The first test session for Autocar and Shelsley Walsh’s new hillclimb initiative has been held at Curborough sprint track.
Places are still open for further entrants, with another test planned at Shelsley Walsh itself on 15 June, before the season proper gets underway with a sprint at Curborough on 11 July.
The test session saw six young drivers take part, being put through their paces by a group of instructors as they all look to get up to speed ahead of 11 July.
The test day was meant as a taster for the new initiative between Autocar and Shelsley Walsh, the two organisations combining to launch a new, affordable motorsport competition for 17 to 21-year old licensed drivers. It’s based around the 1.2-litre Vauxhall Corsa and is aimed at bringing fresh talent to a sport that prides itself on welcoming cars and drivers of all.
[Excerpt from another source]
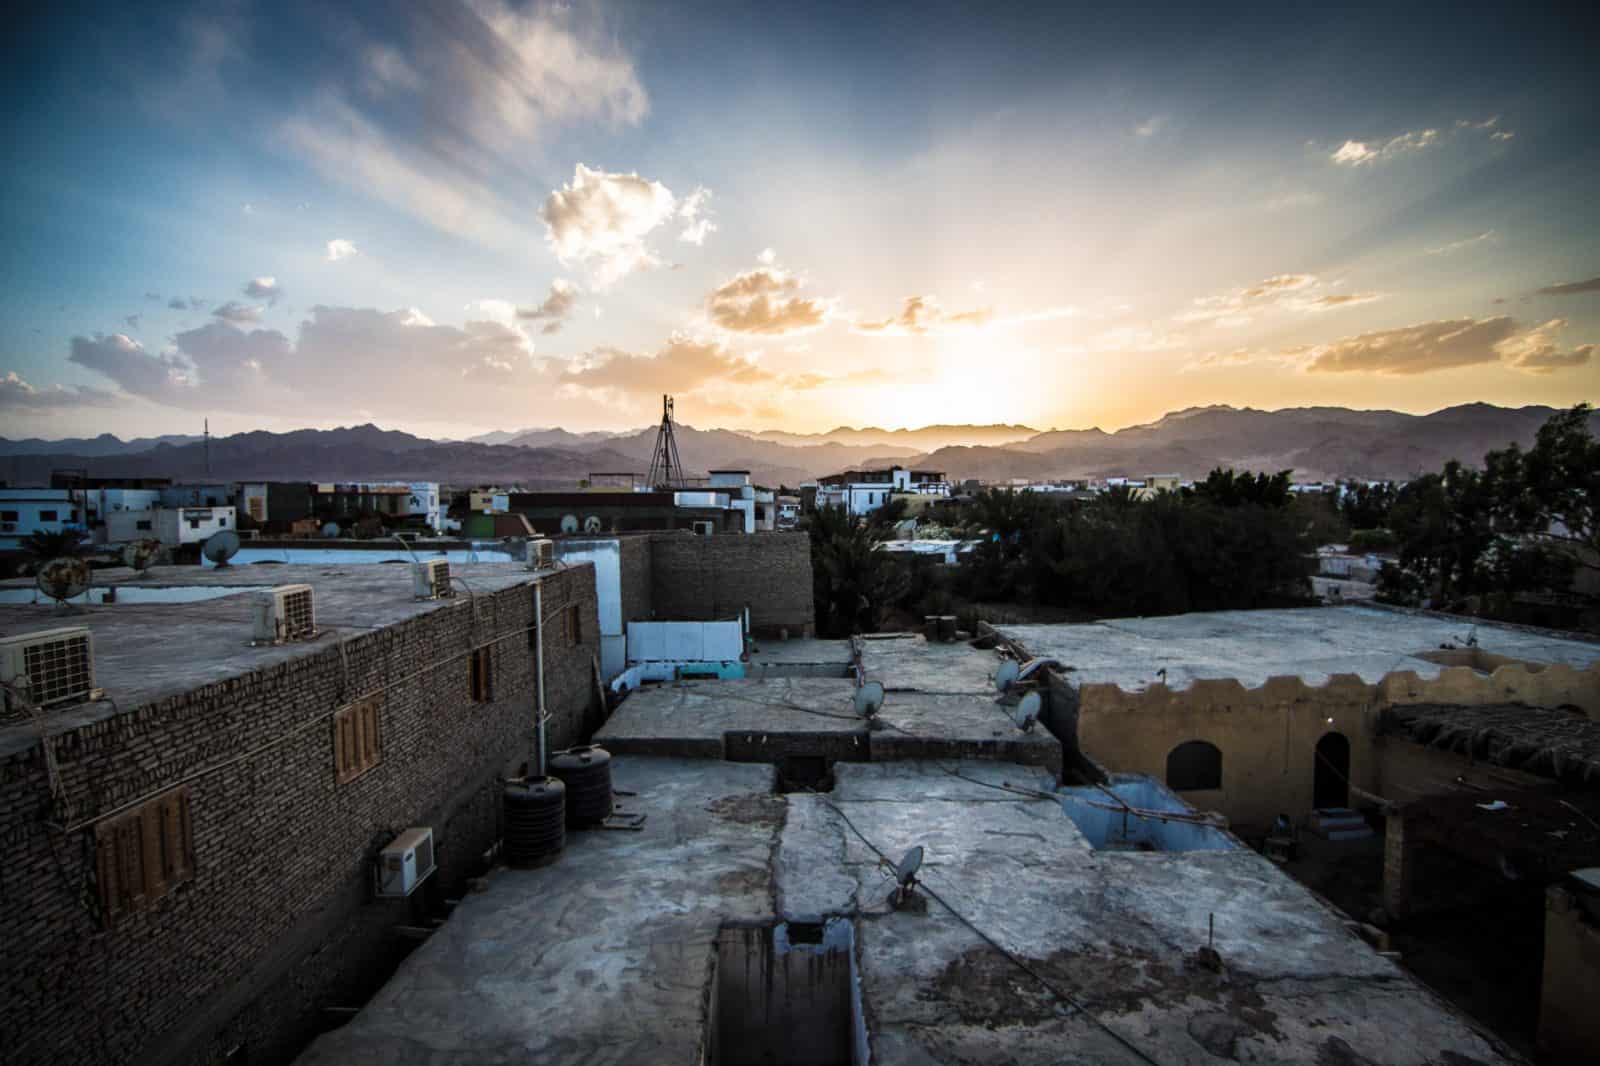 Sunset in Dahab, Egypt

For its first season, the Autocar-Shelsley Walsh Young Drivers’ Championship aims to attract a maximum of 10 competitors to a series of six rounds that will start in earnest this July at the Curborough sprint track, near Lichfield, on 11 July. There are then five further rounds at Shelsley Walsh, Worcestershire, the world’s oldest motor sporting venue still in use, this September.
“Our sport needs more younger competitors,” says series instigator and guiding light, Paul Matty. “We think this is the ideal way to draw them in. We want to attract young competitors with lots of ambition but no racing experience, by keeping the cars simple and equal, and the cost of entry as low as it can be. We’ve already had plenty of interest — including from other clubs and tracks who’d like to do the same kind of thing.”
At the competition’s official launch at Shelsley Walsh yesterday its first official entrant, 21-year old Ben Evans, took to the track for our cameras in a healthy-looking 2008 Vauxhall Corsa bought for £2300 in the local classifieds. The car was standard apart from a fire extinguisher (supplied free to all entrants). Ben, a Bromsgove-based car parts specialist, also modelled a set of the special series race overalls that, like the helmet, will be supplied to all entrants at a heavily discounted price.
Also on hand to lend support for what he called “a great initiative” was Constable Simon Yuile, a forensic collision investigator representing the West Mercia Police, and a lifelong car enthusiast. “This is the kind of practical step that can help young drivers enjoy themselves in cars, but be much safer when they do it,” he said.